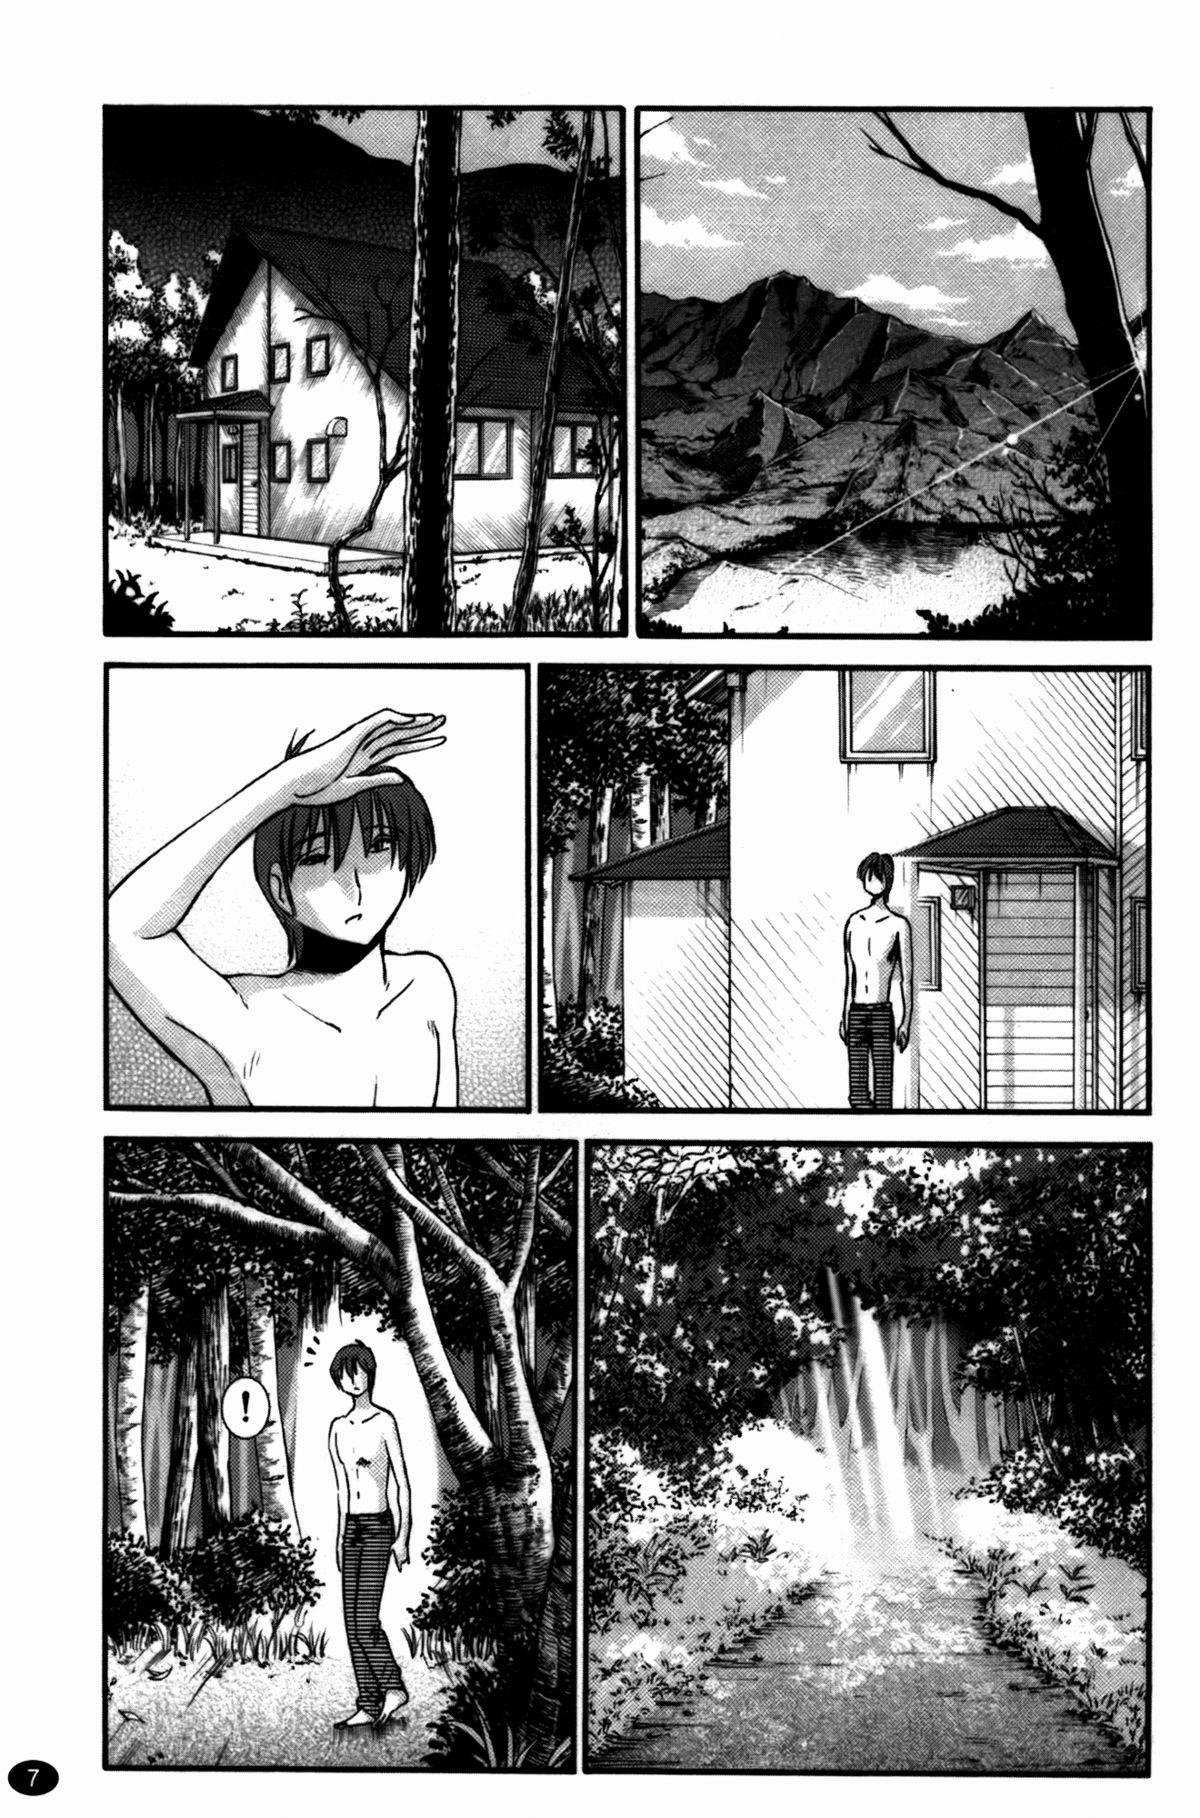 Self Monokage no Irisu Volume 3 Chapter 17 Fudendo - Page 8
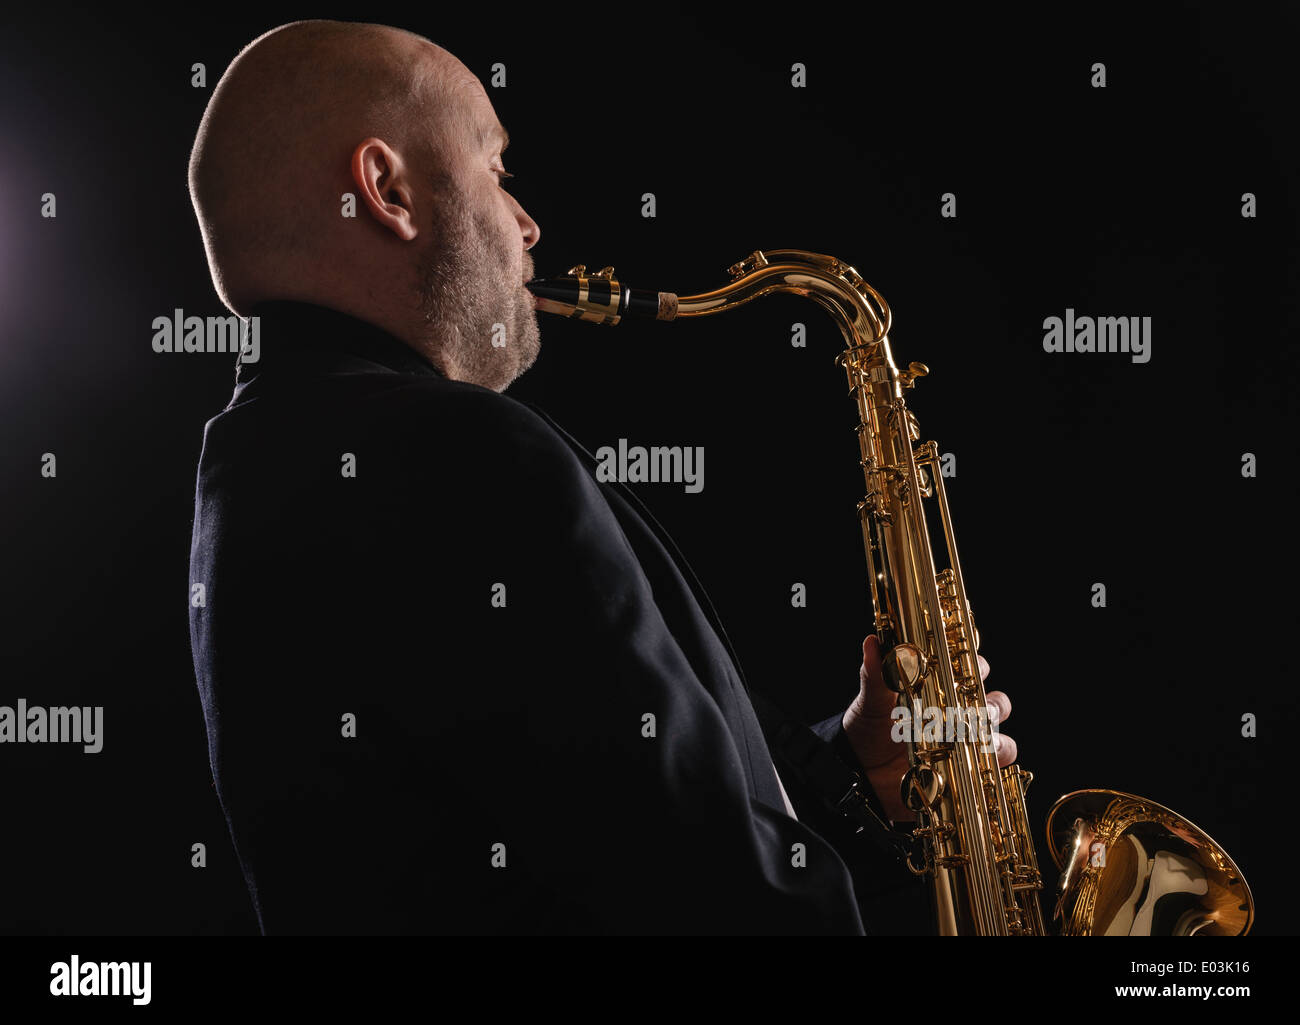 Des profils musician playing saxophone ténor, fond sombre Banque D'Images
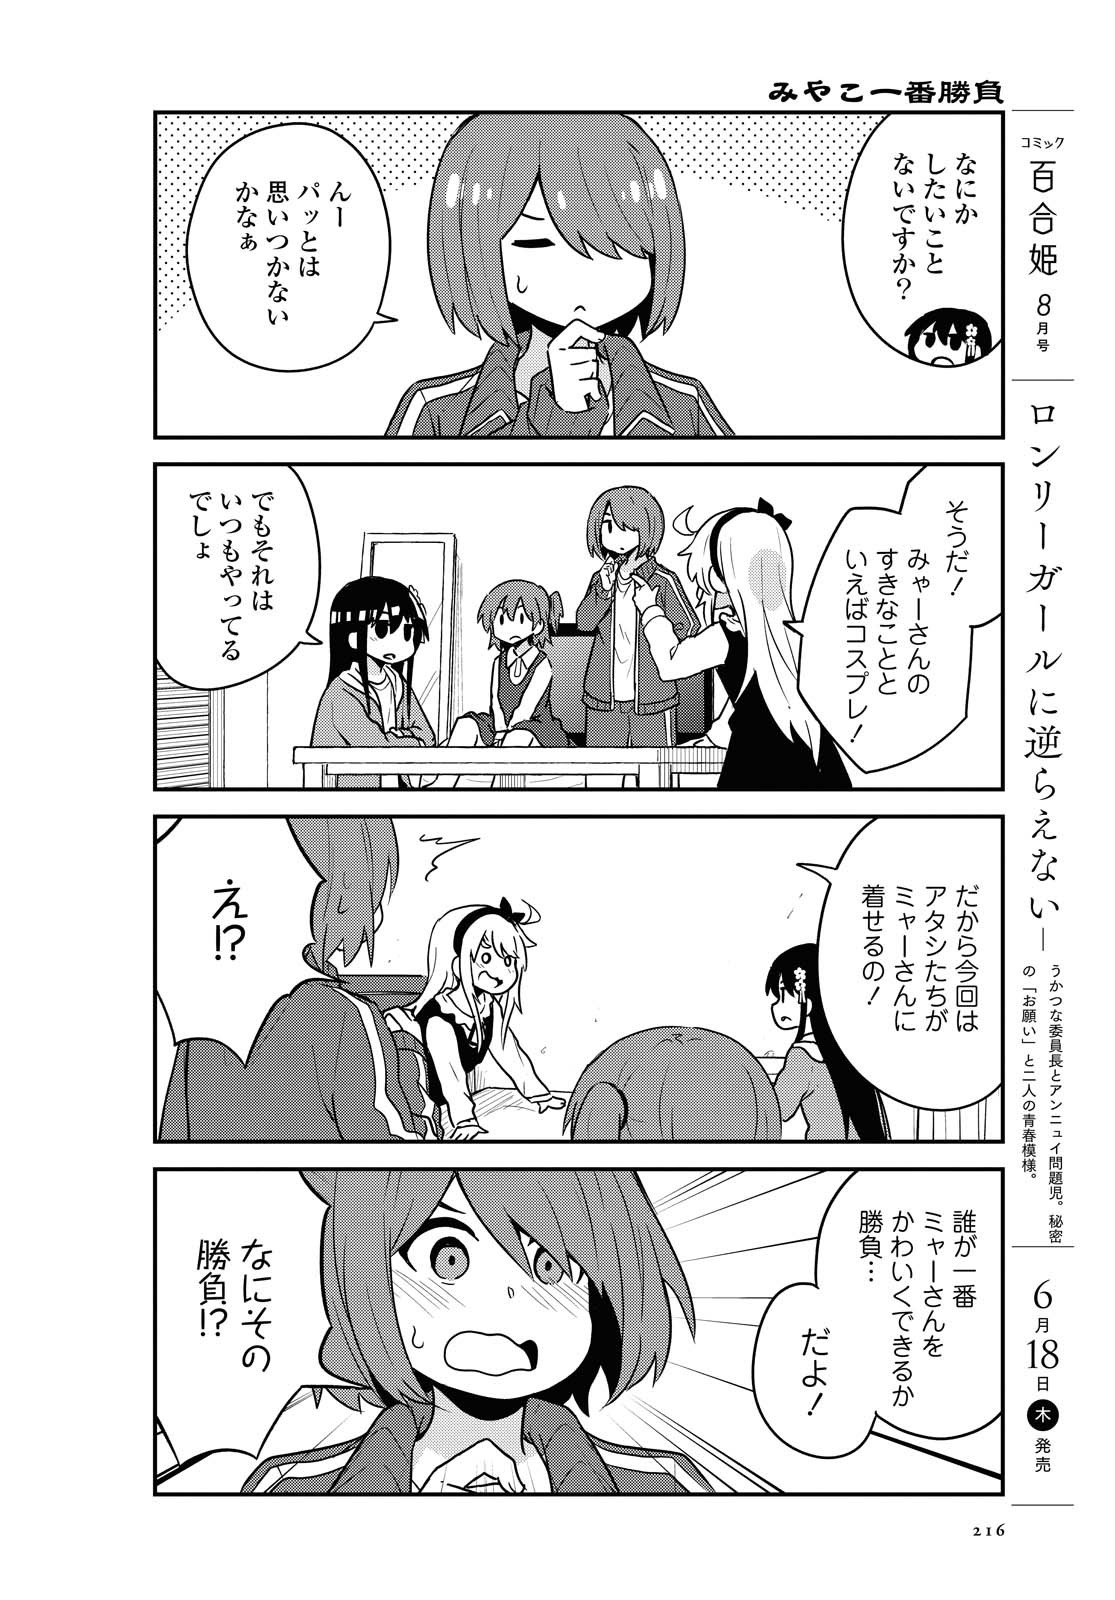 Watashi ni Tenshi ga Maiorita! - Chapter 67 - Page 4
··········
> REQUIRED ACTION: The listing above, line by line: print it exactly, but not its pictures.

> SOLVED EXERCISE:
 Self Monokage no Irisu Volume 3 Chapter 17 Fudendo - Page 8
 Des profils musician playing saxophone ténor, fond sombre Banque D'Images
 Watashi ni Tenshi ga Maiorita! - Chapter 67 - Page 4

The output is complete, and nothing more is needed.